ORCID number: Si-Qi Li (0009-0009-4222-716X).
Author contributions: Li SQ designed the study and drafted the manuscript; all authors contributed to revising and proofreading the manuscript.
Supported by 2021 Shenyang Science and Technology Program-Public Health R&D Special Project (Joint Project) of Shenyang Municipal Science and Technology Bureau, No. 21-174-9-04.
Conflict-of-interest statement: There is no conflict of interest to disclose.
Open-Access: This article is an open-access article that was selected by an in-house editor and fully peer-reviewed by external reviewers.

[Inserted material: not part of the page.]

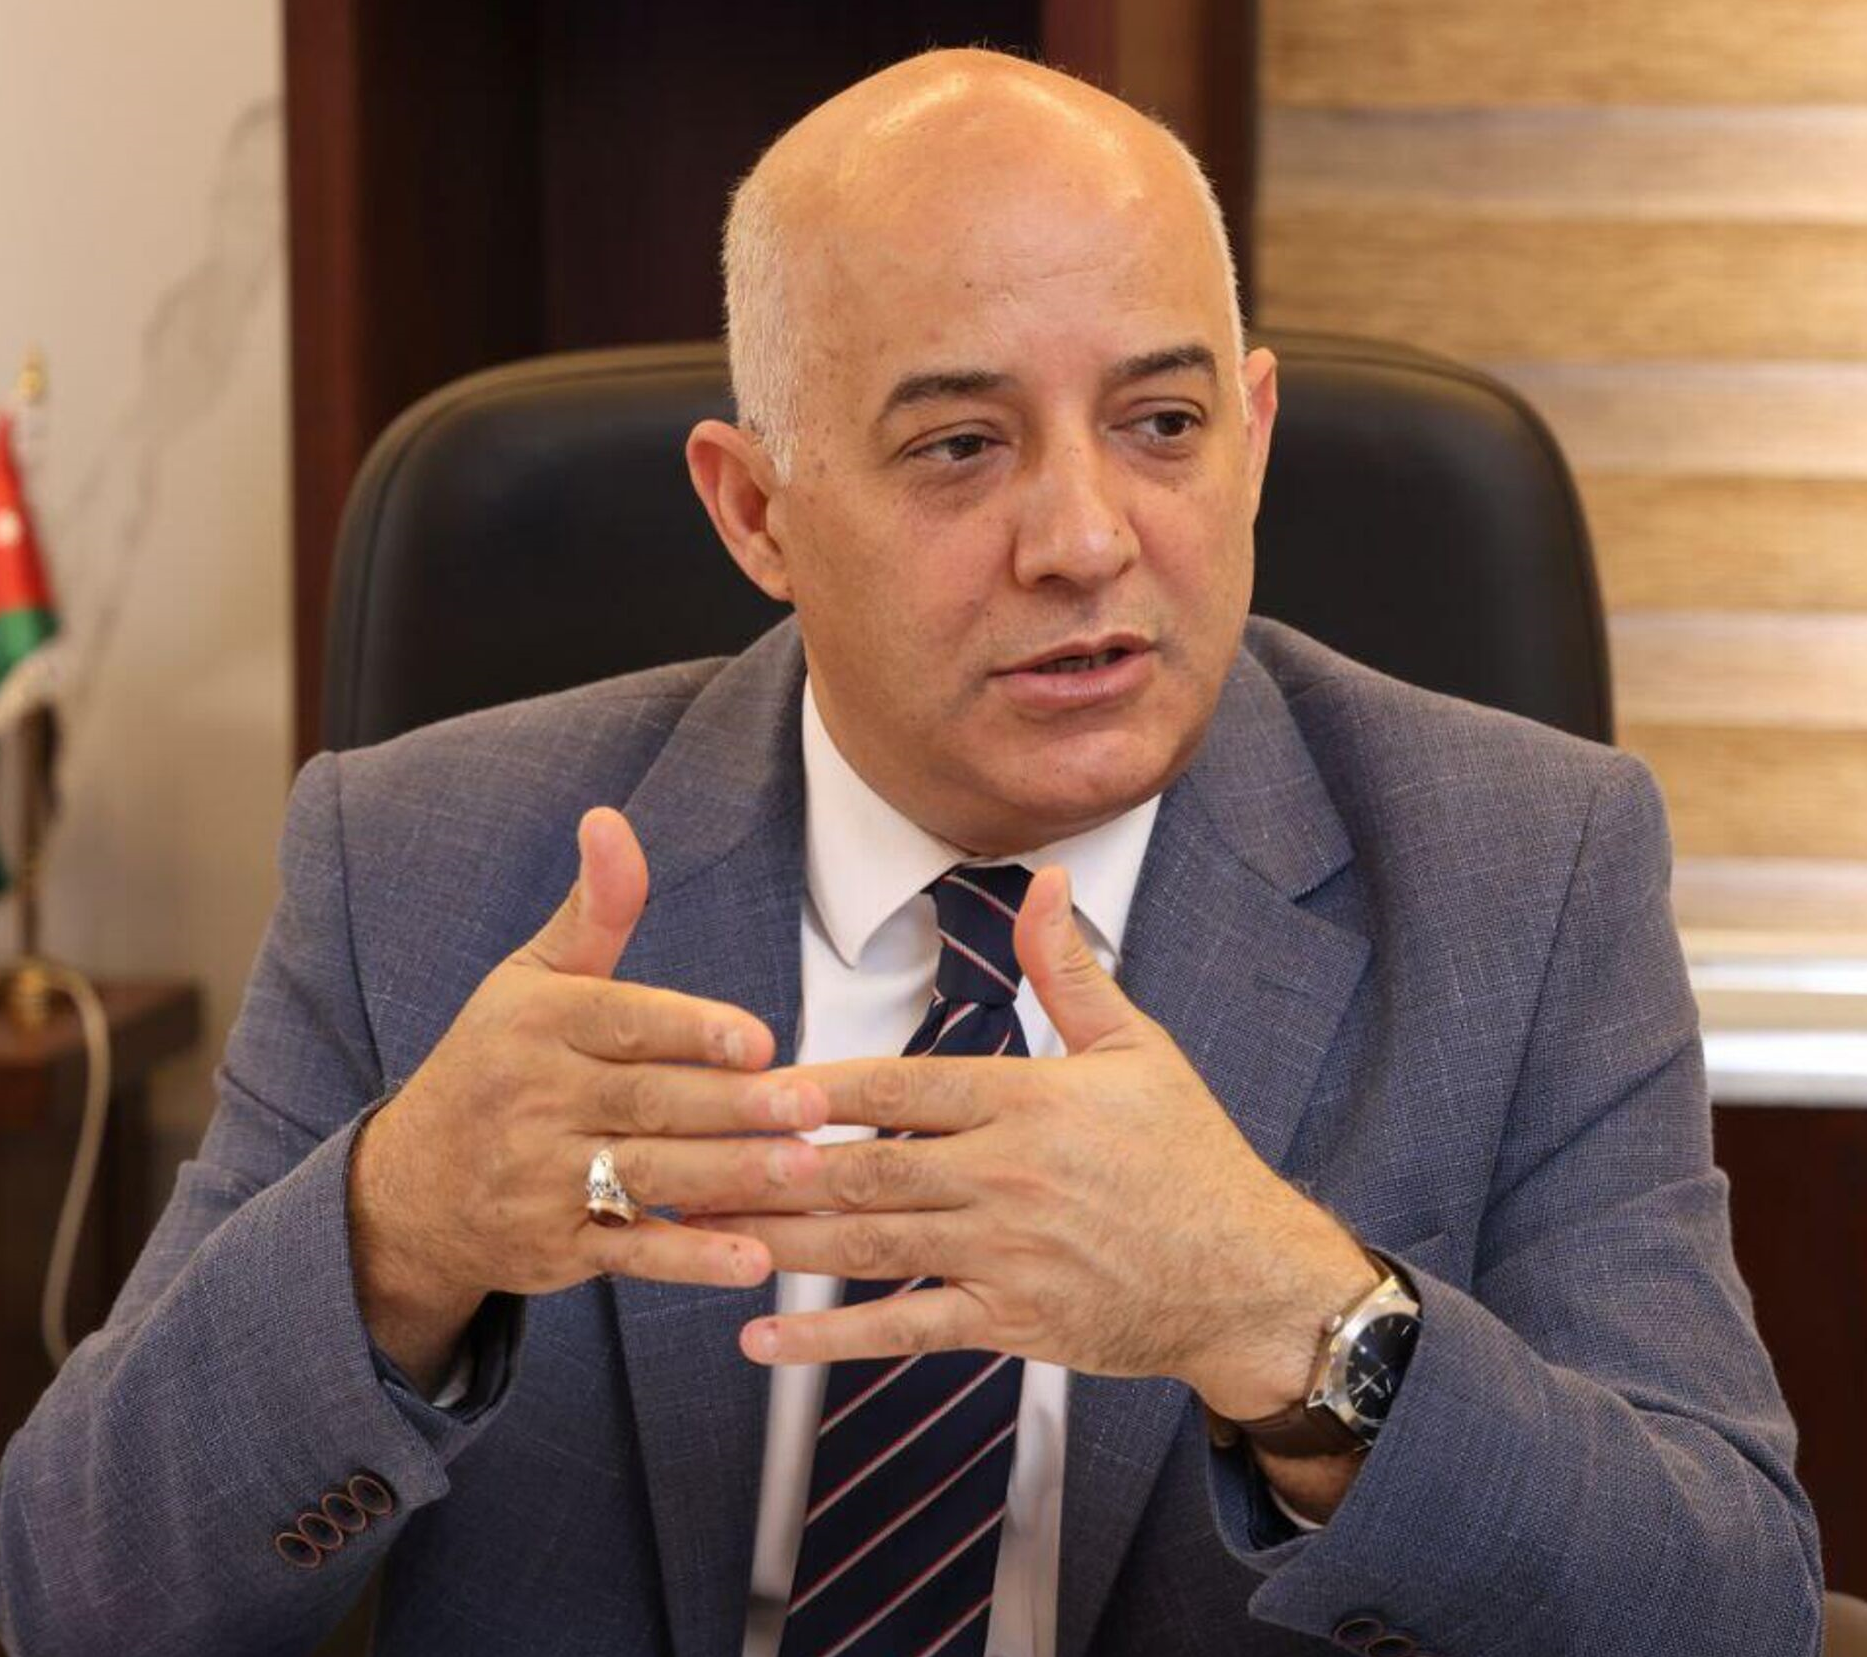 حديث وزير أردني عن غزة والمقاومة يثير غضبا.. مهند المبيضين يستفز الأردنيين والعرب

It is distributed in accordance with the Creative Commons Attribution NonCommercial (CC BY-NC 4.0) license, which permits others to distribute, remix, adapt, build upon this work non-commercially, and license their derivative works on different terms, provided the original work is properly cited and the use is non-commercial. See: https://creativecommons.org/Licenses/by-nc/4.0/
Corresponding author: Si-Qi Li, MD, Chief Physician, Second Department of Cardiology, The Affiliated Hospital of Liaoning University of Traditional Chinese Medicine, No. 33 Beiling Street, Huanggu District, Shenyang 110000, Liaoning Province, China. pangdun66@163.com
Received: May 23, 2024
Revised: July 2, 2024
Accepted: July 4, 2024
Published online: July 26, 2024
Processing time: 62 Days and 5.4 Hours

Abstract
BACKGROUND

Chronic heart failure is a complex clinical syndrome. The Chinese herbal compound preparation Jianpi Huatan Quyu recipe has been used to treat chronic heart failure; however, the underlying molecular mechanism is still not clear.

AIM

To identify the effective active ingredients of Jianpi Huatan Quyu recipe and explore its molecular mechanism in the treatment of chronic heart failure.

METHODS

The effective active ingredients of eight herbs composing Jianpi Huatan Quyu recipe were identified using the Traditional Chinese Medicine Systems Pharmacology Database and Analysis Platform. The target genes of chronic heart failure were searched in the Genecards database. The target proteins of active ingredients were mapped to chronic heart failure target genes to obtain the common drug-disease targets, which were then used to construct a key chemical component-target network using Cytoscape 3.7.2 software. The protein-protein interaction network was constructed using the String database. Gene Ontology and Kyoto Encyclopedia of Genes and Genomes enrichment analyses were performed through the Metascape database. Finally, our previously published relevant articles were searched to verify the results obtained via network pharmacology.

RESULTS

A total of 227 effective active ingredients for Jianpi Huatan Quyu recipe were identified, of which quercetin, kaempferol, 7-methoxy-2-methyl isoflavone, formononetin, and isorhamnetin may be key active ingredients and involved in the therapeutic effects of TCM by acting on STAT3, MAPK3, AKT1, JUN, MAPK1, TP53, TNF, HSP90AA1, p65, MAPK8, MAPK14, IL6, EGFR, EDN1, FOS, and other proteins. The pathways identified by KEGG enrichment analysis include pathways in cancer, IL-17 signaling pathway, PI3K-Akt signaling pathway, HIF-1 signaling pathway, calcium signaling pathway, cAMP signaling pathway, NF-kappaB signaling pathway, AMPK signaling pathway, etc. Previous studies on Jianpi Huatan Quyu recipe suggested that this Chinese compound preparation can regulate the TNF-α, IL-6, MAPK, cAMP, and AMPK pathways to affect the mitochondrial structure of myocardial cells, oxidative stress, and energy metabolism, thus achieving the therapeutic effects on chronic heart failure.

CONCLUSION

The Chinese medicine compound preparation Jianpi Huatan Quyu recipe exerts therapeutic effects on chronic heart failure possibly by influencing the mitochondrial structure of cardiomyocytes, oxidative stress, energy metabolism, and other processes. Future studies are warranted to investigate the role of the IL-17 signaling pathway, PI3K-Akt signaling pathway, HIF-1 signaling pathway, and other pathways in mediating the therapeutic effects of Jianpi Huatan Quyu recipe on chronic heart failure.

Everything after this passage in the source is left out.